Issue Number: 06/2007
Issue Title: Conflict and Development


The international community’s traditional distinction between development and security has increasingly been challenged since the end of the Cold War. UNDP’s 1994 Human Development Report encapsulates a discussion on the concept of security and highlights the linkages between human security, human development, and the promotion and protection of human rights. It argues that the traditional concept of security must change to become more people-centred.1 Human security calls for security policies that protect people from a broad range of threats that prevent them from living freely and effectively exercising their choices.2 Today, the United Nations and other international organizations increasingly promote security as a public good, provided by state authorities that are accountable to citizens. Fostering human security, therefore, requires that security sector agencies are not only placed under the direct control of democratically elected civilian governments, and subjected to oversight by parliaments and other civilian agencies such as independent ombudsman institutions, but also that their conduct is guided by principles such as the rule of law (including human rights law), transparency, equity, accountability, and participation. 


At a 2004 High Level Meeting of the OECD’s Development Advisory Committee, the development community endorsed a guidance note on security sector reform and suggested inter alia that security sector-related programming be integrated into existing development initiatives, no longer leaving security issues to military actors.3 In June 2005, the Parliamentary Assembly of the Council of Europe declared that security sector oversight was an important element for strengthening democracy in its member states, which include several countries from the former Soviet Union.4

The establishment of accountable and transparent security sector agencies remains challenging for many post-communist countries, where legacies of strong executive control and restrictions on political freedoms, including those implemented in the context of the ‘war on terrorism’, have led to high levels of public anxiety and mistrust of the state security apparatus. Polling data available on one of the security services, namely the police, are instructive in this respect. Data from Western Europe shows that on average 30 percent of respondents do not trust the police.5 The levels of distrust in the police expressed in a recent poll conducted in countries in Eastern Europe and the CIS was notably higher. According to this study, the lowest levels of trust were found in Russia (65 percent) and Ukraine (75 percent).6 The data do not clearly indicate if people are fearful of the police or simply do not feel sufficiently protected by the police from threats such as organized crime. However, the data can be interpreted as a sign of weak civilian oversight – if an effective oversight mechanism were in place, it would help to guarantee that the police serve the interest and security needs of the taxpayers and thus improve levels of trust.

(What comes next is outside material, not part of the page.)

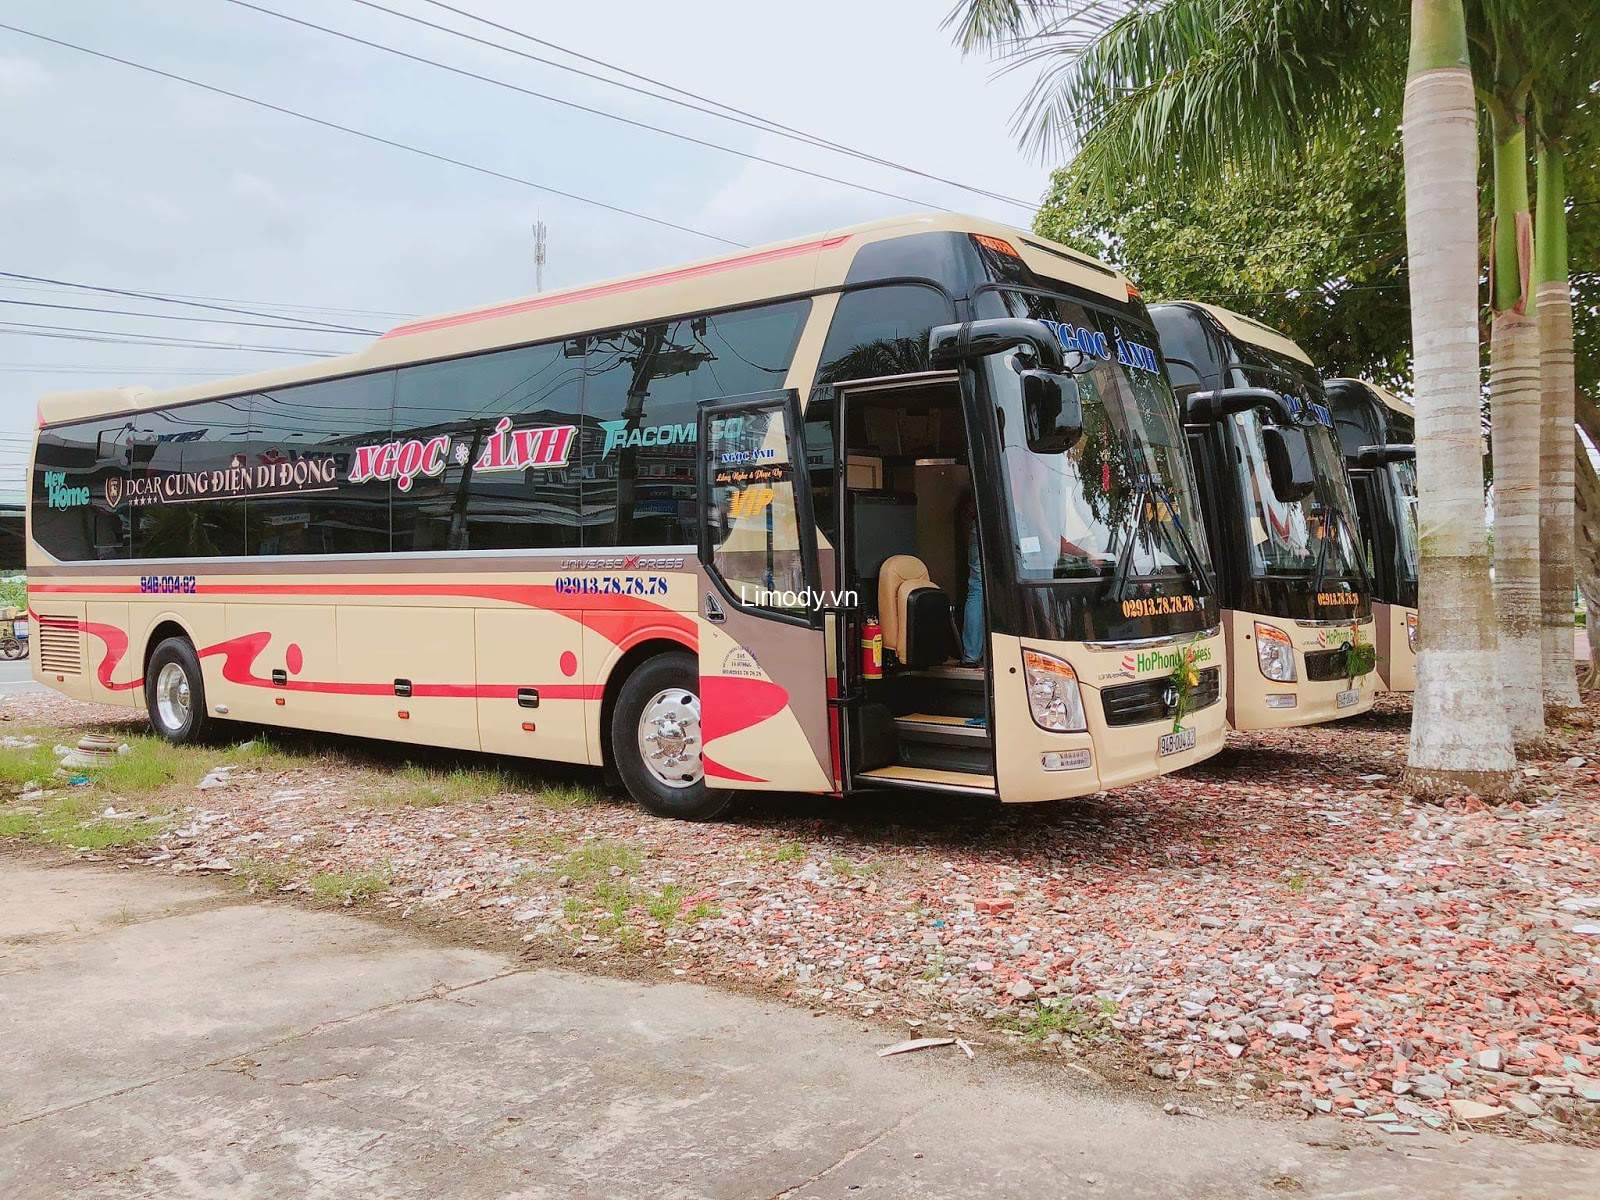 #27 Nhà xe Hà Nội Đà Nẵng xe khách limousine giường nằm chất lượng

Parliaments, ombudsmen, and security sectors in Eastern Europe and the CIS
Despite calls for programming to integrate security and development, security assistance extended to countries from the former Soviet Union today still focuses primarily on military-to-military assistance. Even development actors that are actively engaged in human security issues still fail to effectively foster accountability mechanisms, especially those that extend beyond executive to legislative oversight and to other oversight mechanisms like ombudsman institutions.

Survey data collected from parliamentarians7 and ombudsman institutions8 by UNDP and the Geneva Centre for the Democratic Control of Armed Forces (DCAF) during 2005-2006, and then discussed and validated in regional roundtable consultations, indicate a pronounced need for more development assistance for capacity development in the area of security sector oversight in Eastern Europe and the CIS.9 Although in Georgia, Moldova, Ukraine and, to some extent, in Armenia parliaments have taken steps towards creating the framework of laws and democratic institutions needed to implement democratic oversight, considerable obstacles to full scrutiny still exist in these countries. Azerbaijani parliamentarians did not identify discernible or meaningful parliamentary oversight of the security sector either in scrutiny of laws or policy. Outside of some limited parliamentary oversight of security-related questions in Kyrgyzstan and Tajikistan, responses of Central Asian parliamentarians generally revealed that security sectors in Central Asia remain accountable almost solely to the executive.10 Given the general weakness of the legislature in these countries, the findings are hardly surprising. So while it is important to strengthen the legislature, it is equally important to identify alternative entry-points for security oversight.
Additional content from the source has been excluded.